SLIPPERY ROCK — Jim Green, former Butler County Commissioner and state representative, has died.

The longtime county political official died Monday at Allegheny General Hospital in Pittsburgh. He was 80 years old.

Green was involved in elected and appointed offices since the early 1950s.

He was elected as a county commissioner in 1959 at the age of 29, the youngest in the state. He was re-elected in 1963 and 1967, serving 12 years as commissioner.

In 1965, when he was chairman of the commissioners, Green successfully pushed for the start of Butler County Community College despite public displeasure with the project.

And in the 1970s, he also successfully pushed for the Butler County Communications Center, the first 911 center in Pennsylvania.

In 1974, he defeated long time Republican Rep. Francis Kennedy for a seat in the state house. In 1976, he was appointed as the Butler County superintendent of highways and in 1978, he was appointed as the deputy secretary of state.

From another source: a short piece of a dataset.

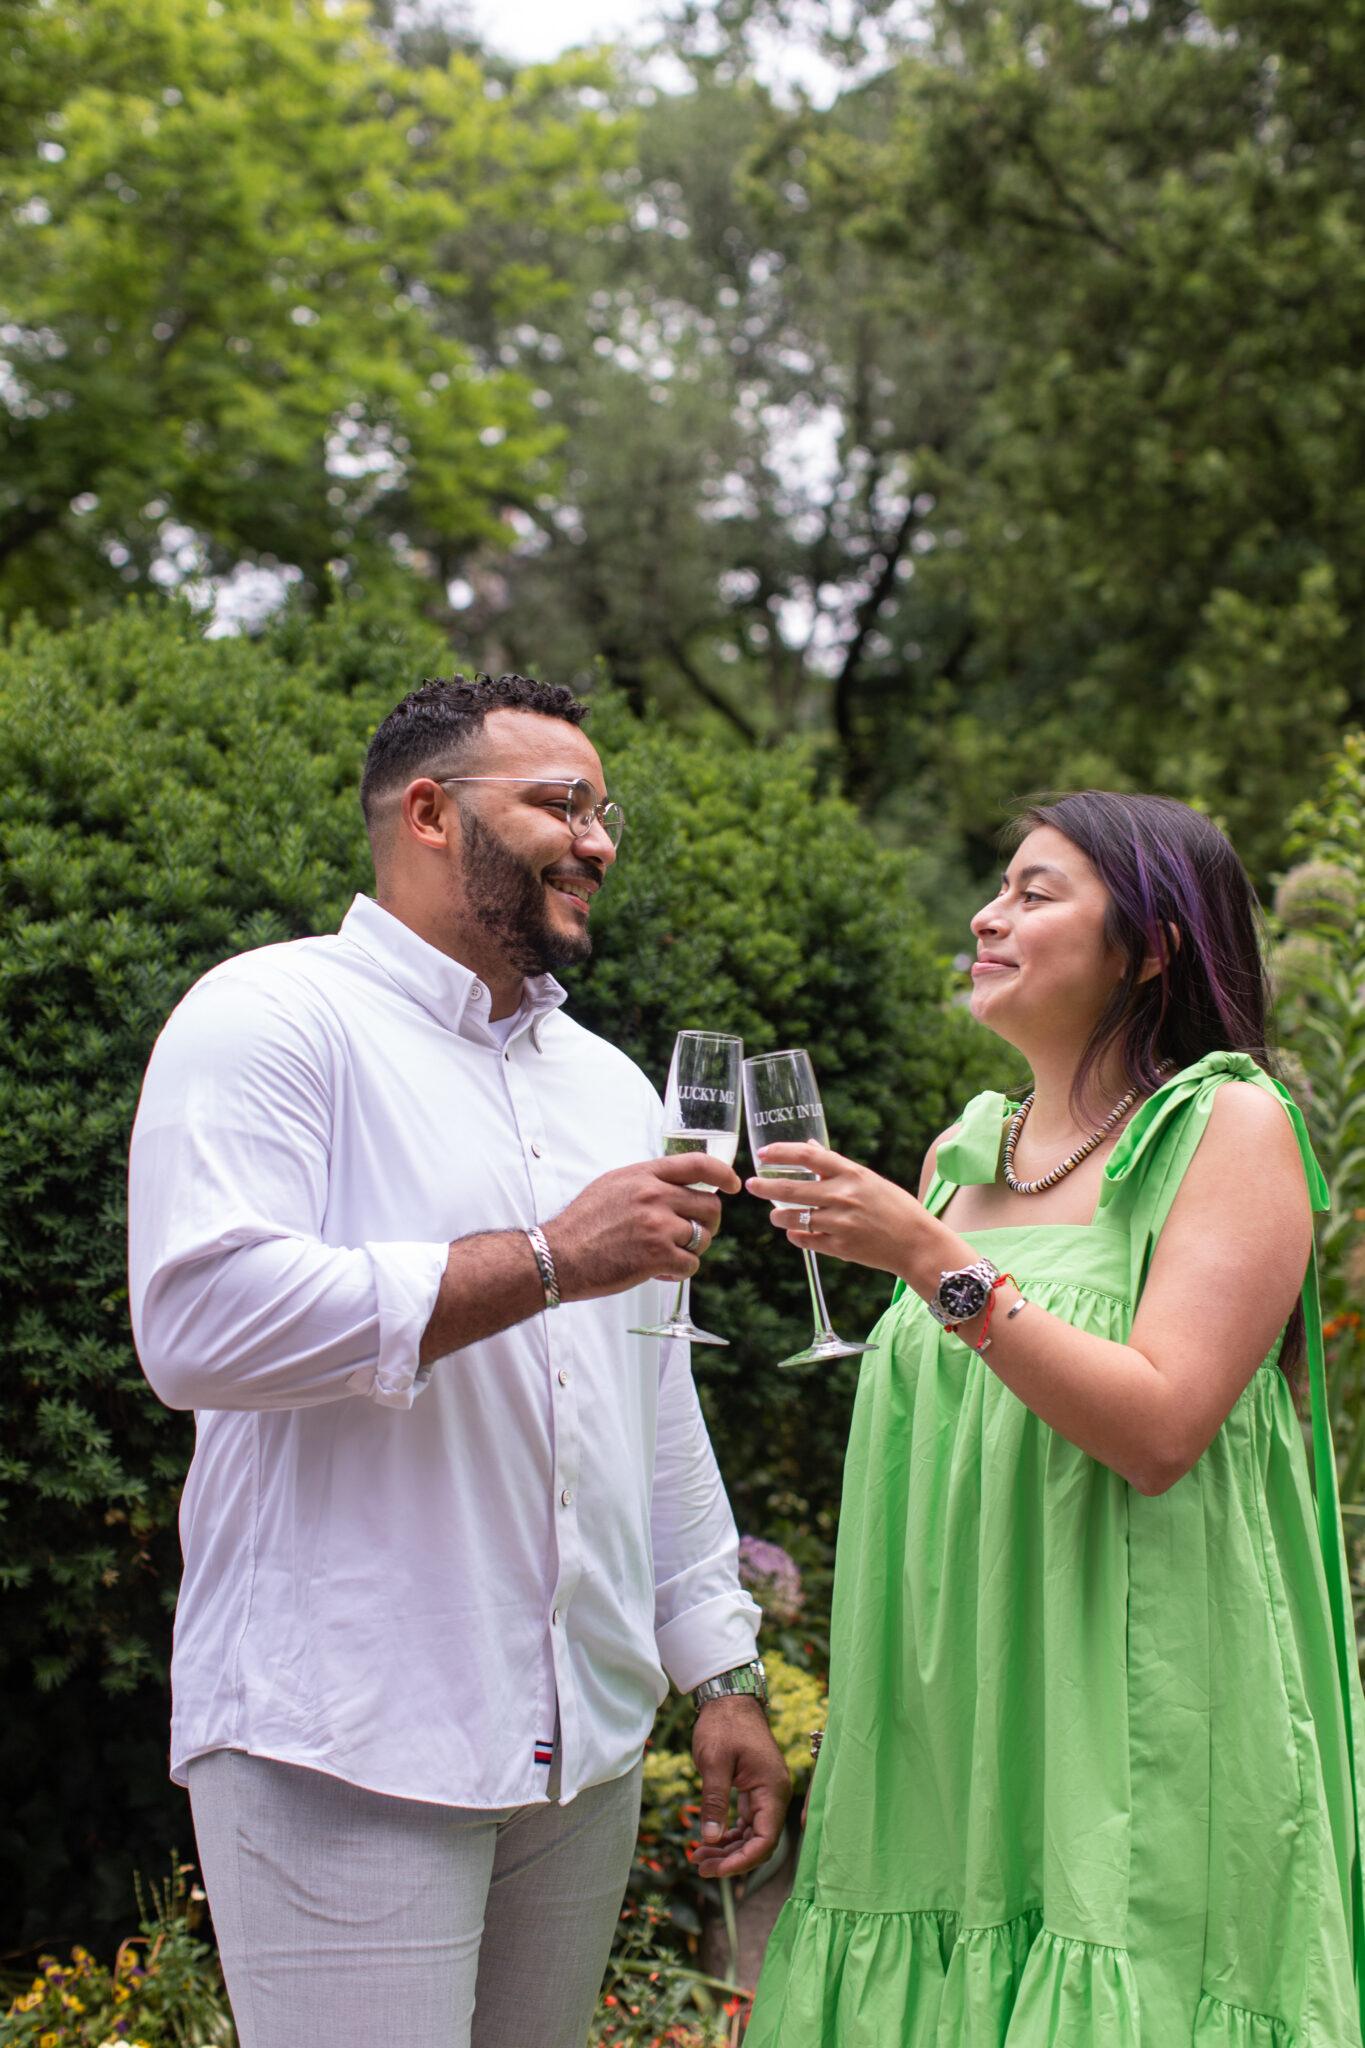 Newly engaged couple toasting champagne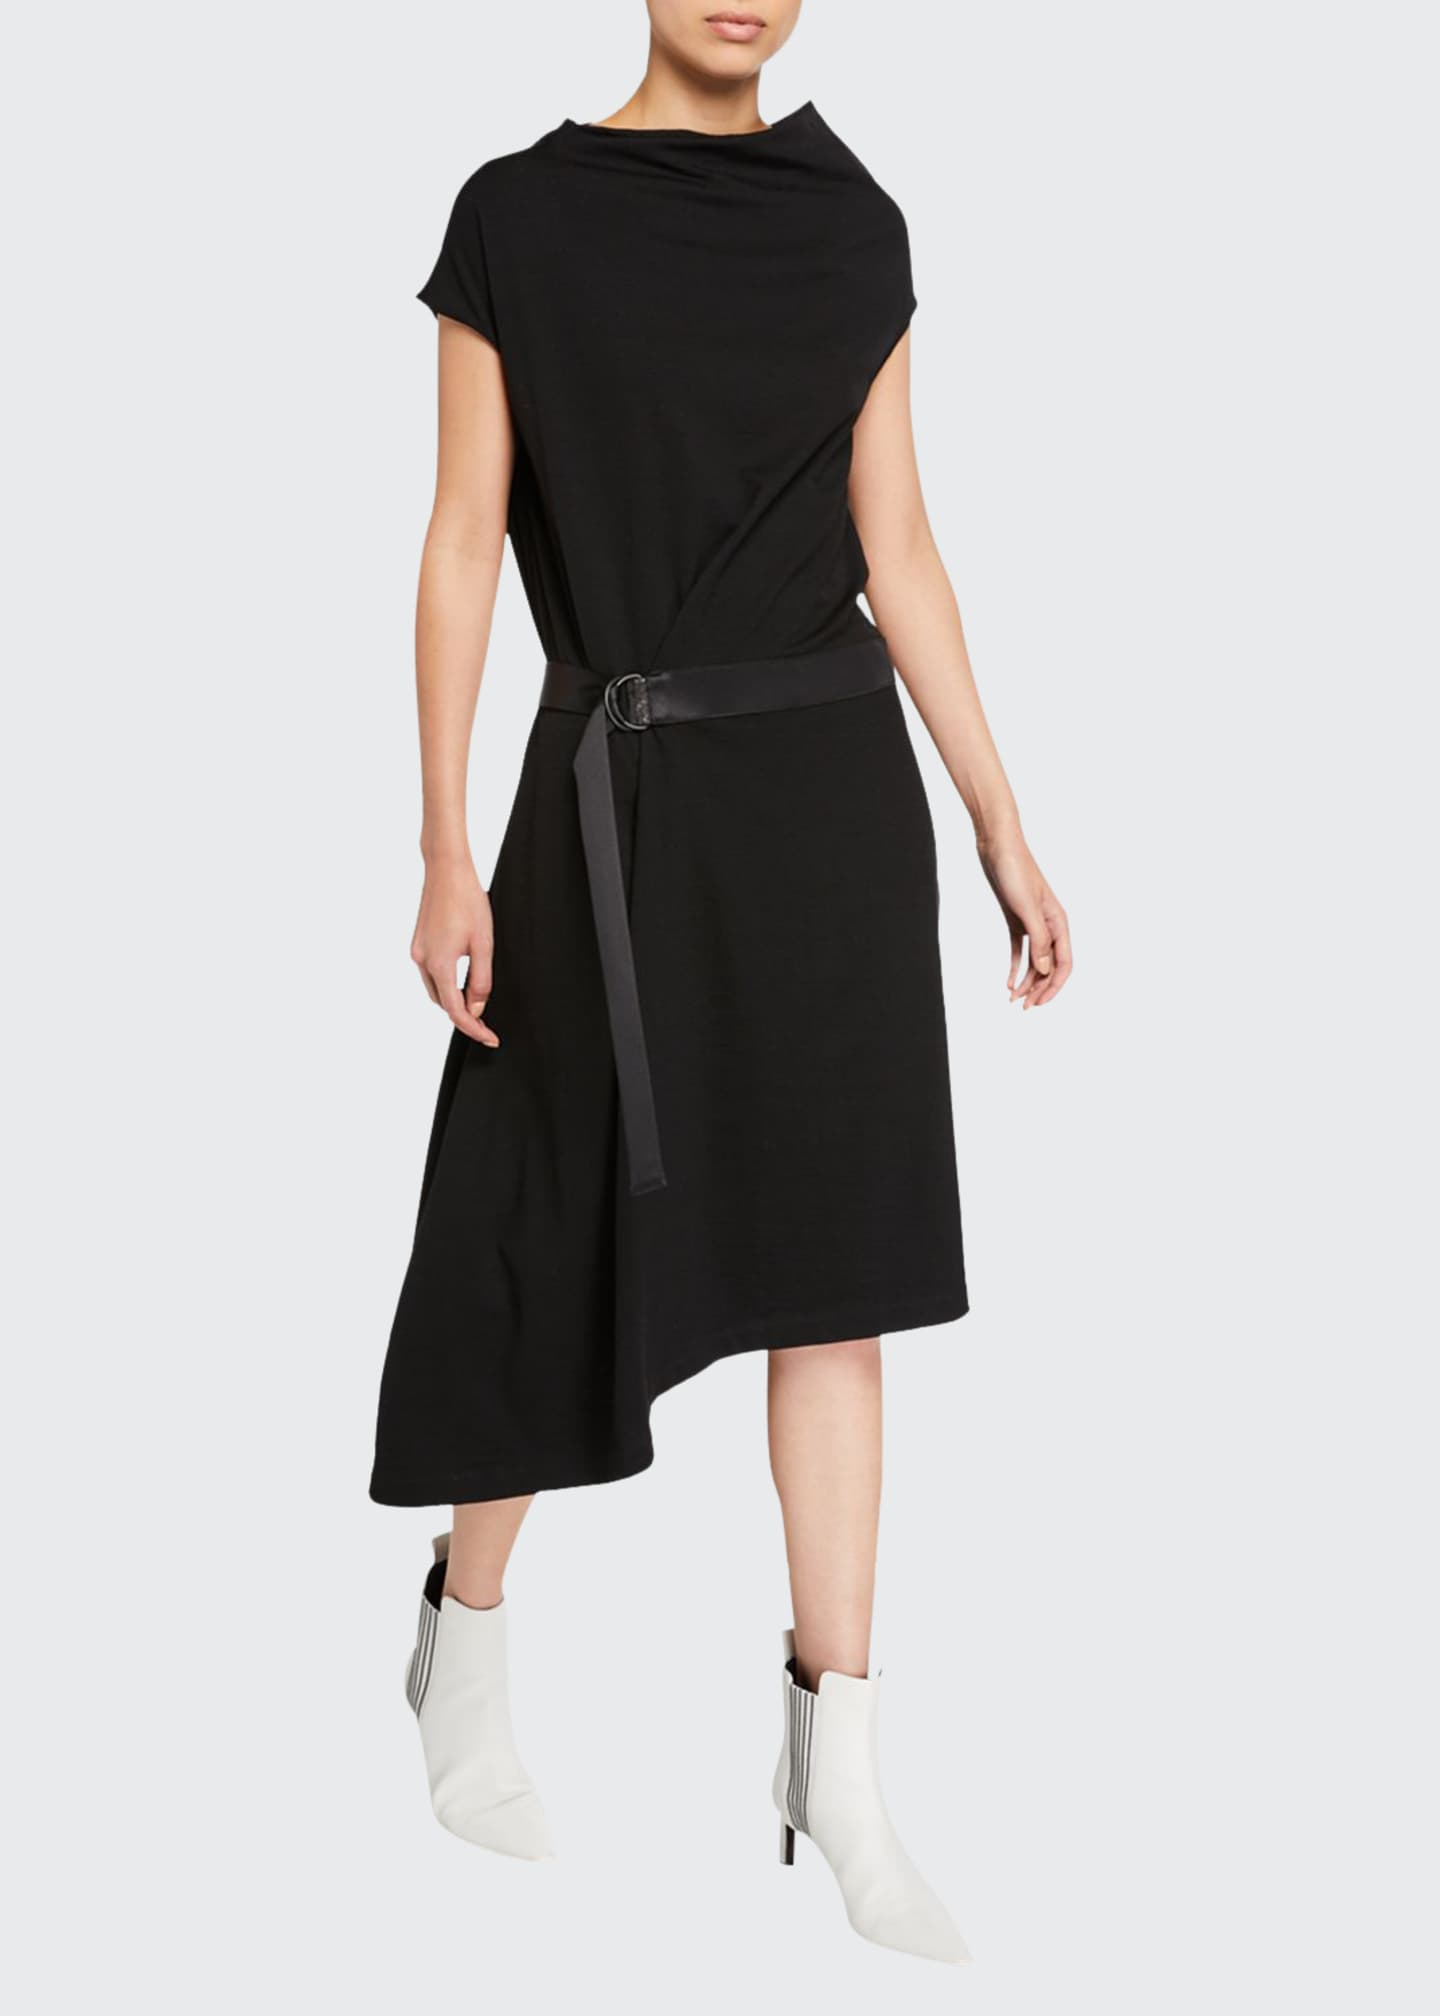 Brunello Cucinelli Cowl-Neck Crepe Asymmetric Dress

He ran for county commissioner again in 1979 and won. He was re-elected three times.

In total, he served seven terms, 28 years, as a county commissioner.

Although he planned to retire from politics in 1995, he was back in 1998, running for Slippery Rock borough council at the age of 67.

At the time of his death, he was running for re-election in Slippery Rock, having won a spot in the Democratic primary.

Funeral arrangements are being handled by the Smith Funeral Home in Slippery Rock.